Each line from the one containing "Ao dai nha tho" to the last line of the listing below is to be duplicated exactly, and no picture is to be carried over.

**PROVIDED MATERIAL**
================================

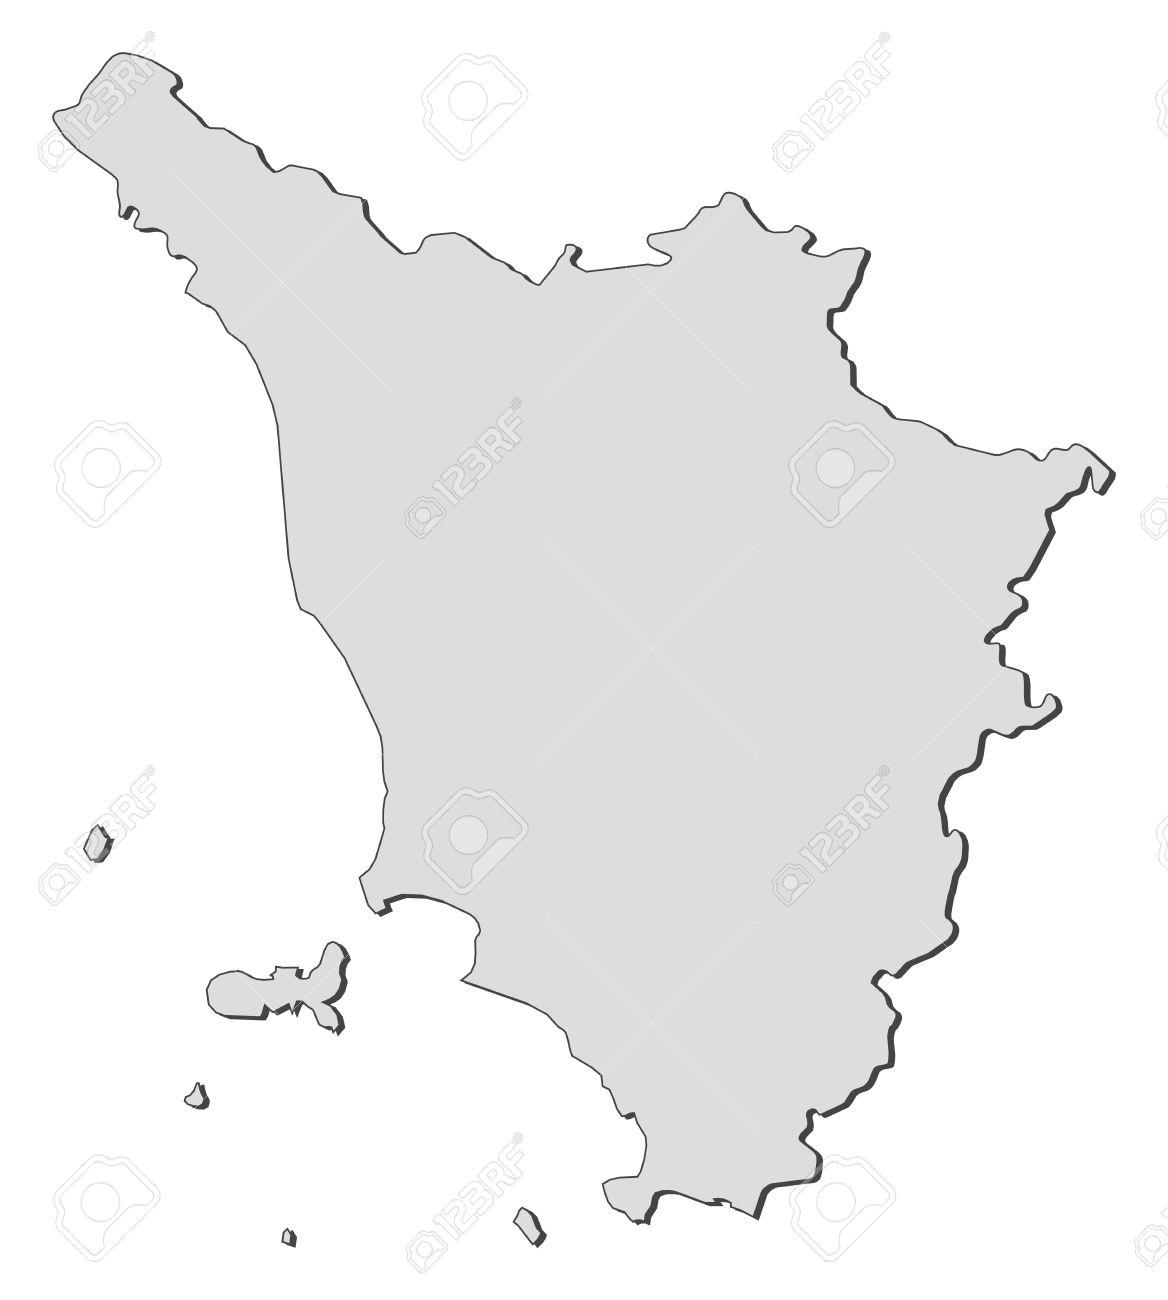 Map Of Tuscany A Region Of Italy Royalty Free Cliparts Vectors - Tuscany region map
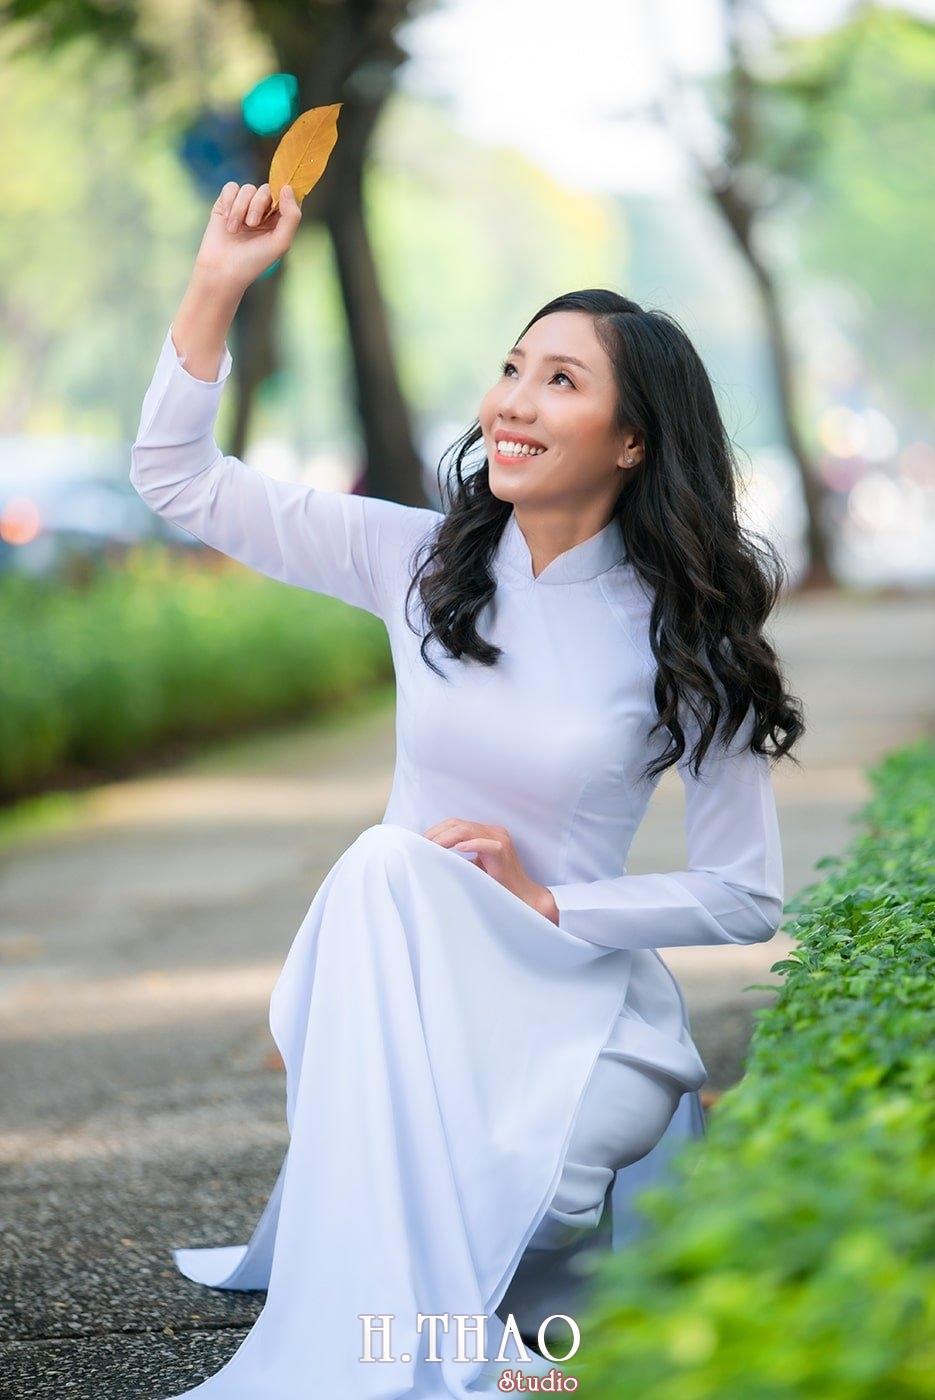 Ao dai nha tho duc ba 13 1 - Tổng hợp album ảnh áo dài chụp tại nhà thờ Đức Bà - HThao Studio
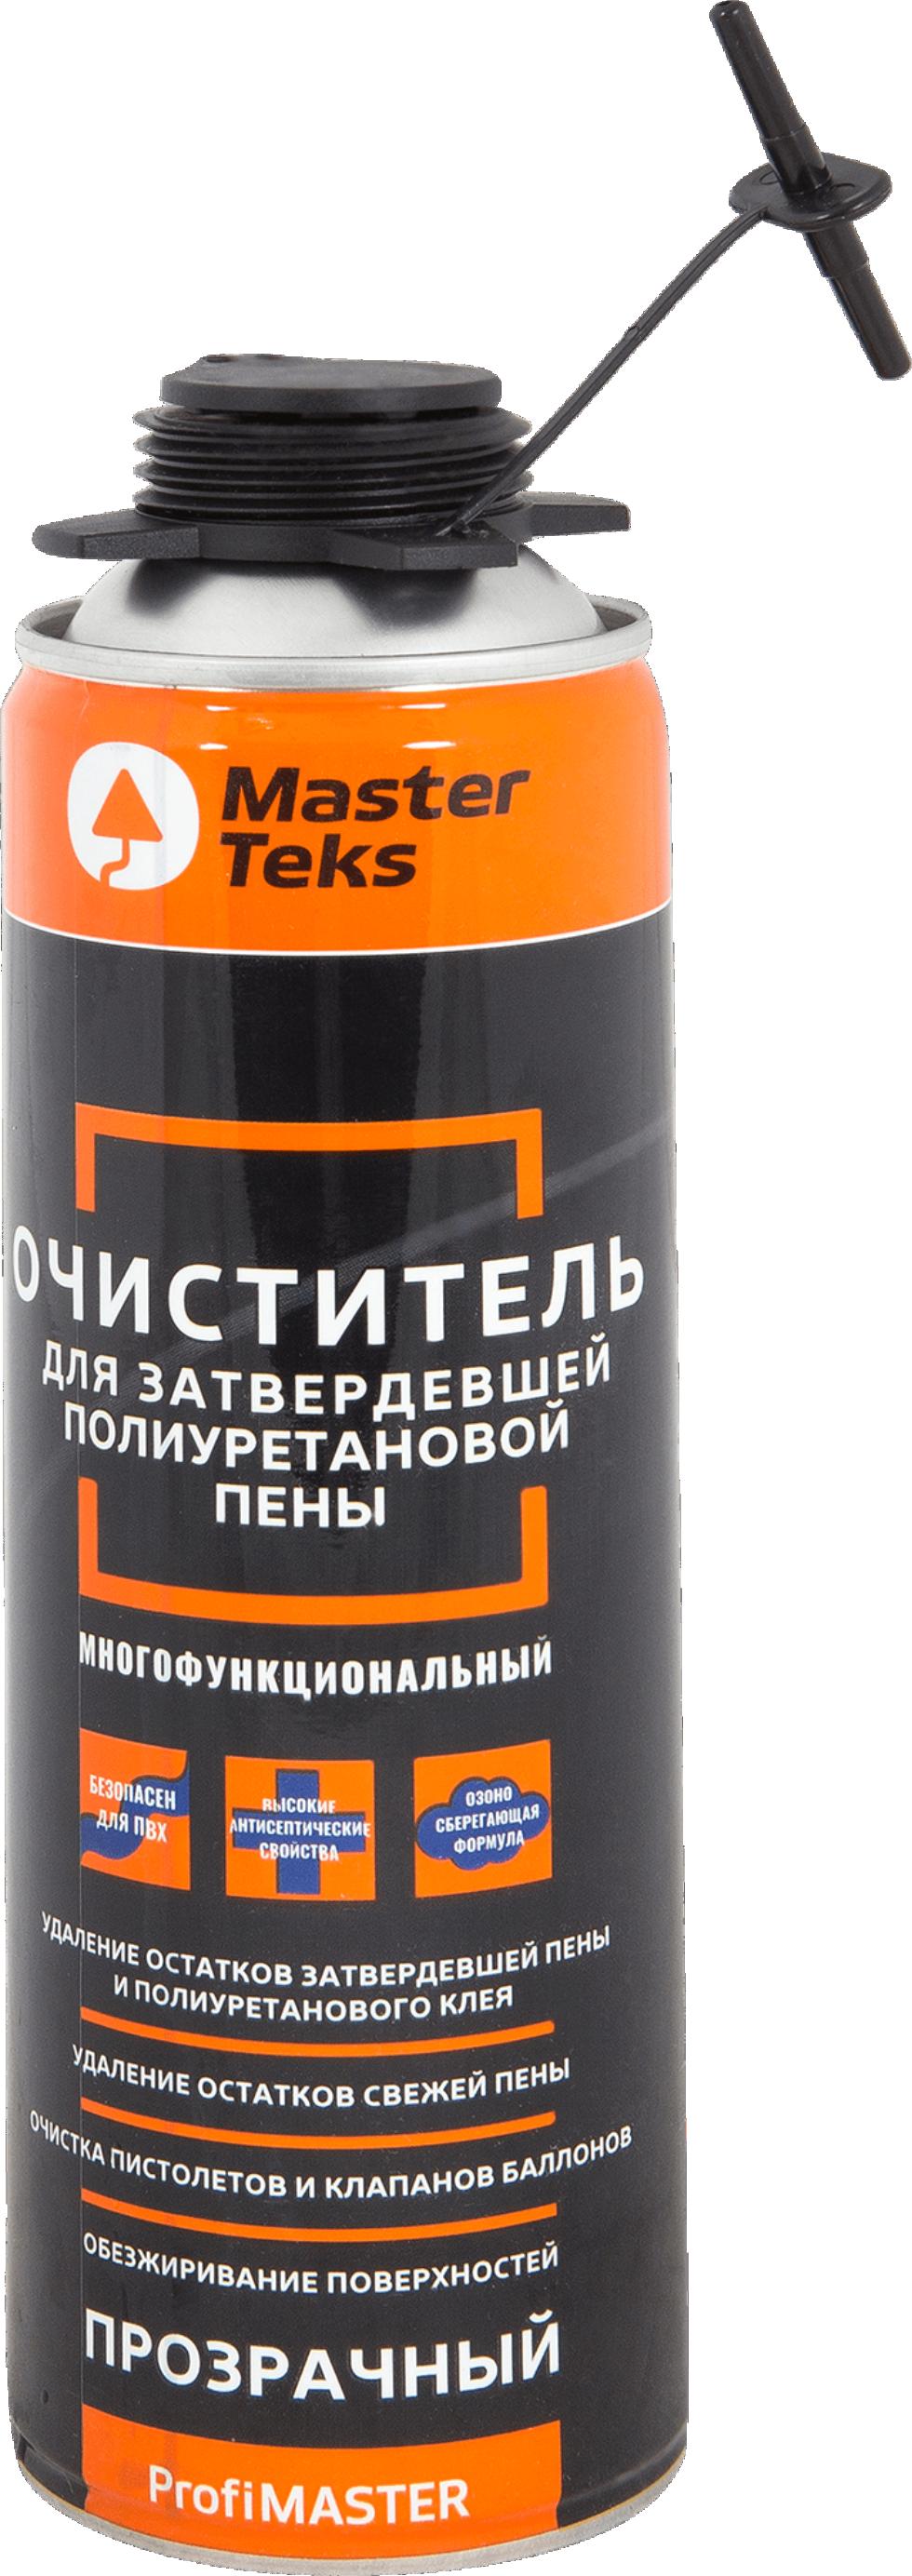 Очиститель монтажной пены Masterteks 0.5 л
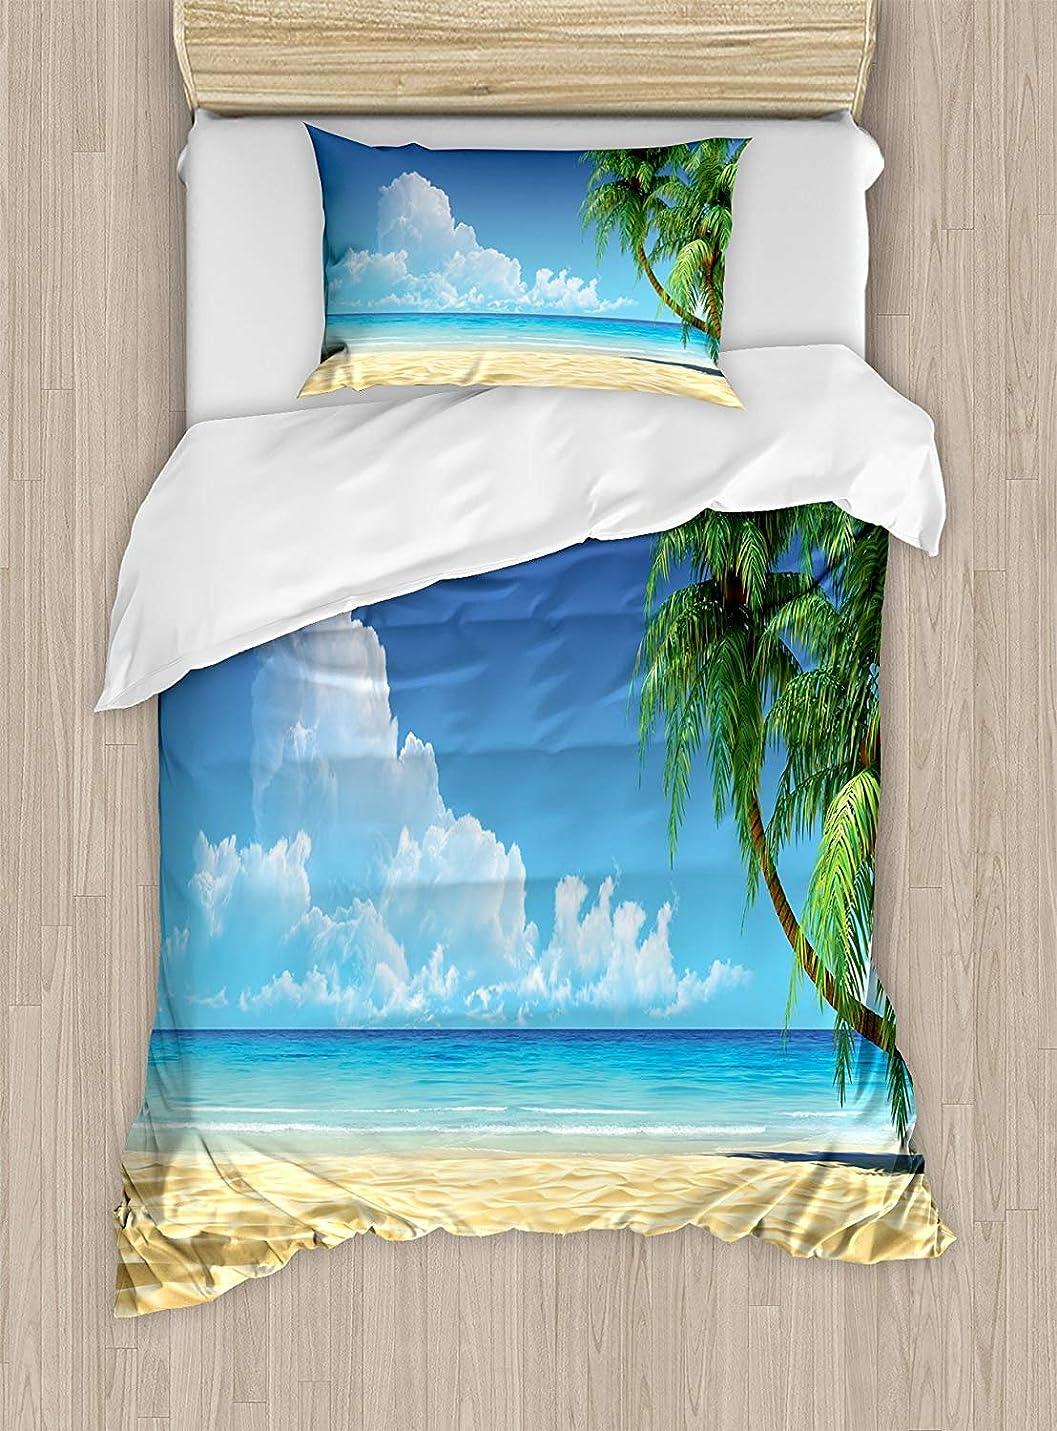 露出度の高いトラクター部族オーシャン布団カバーセットツインサイズ、ヤシの木の葉、熱帯砂浜海の風景グラフィックプリント、装飾的な2ピース寝具セット、1枕シャム、クリーム、ネイビーグリーン

================================

**FINAL ANSWER**
 Ao dai nha tho duc ba 13 1 - Tổng hợp album ảnh áo dài chụp tại nhà thờ Đức Bà - HThao Studio
 Очиститель монтажной пены Masterteks 0.5 л
 露出度の高いトラクター部族オーシャン布団カバーセットツインサイズ、ヤシの木の葉、熱帯砂浜海の風景グラフィックプリント、装飾的な2ピース寝具セット、1枕シャム、クリーム、ネイビーグリーン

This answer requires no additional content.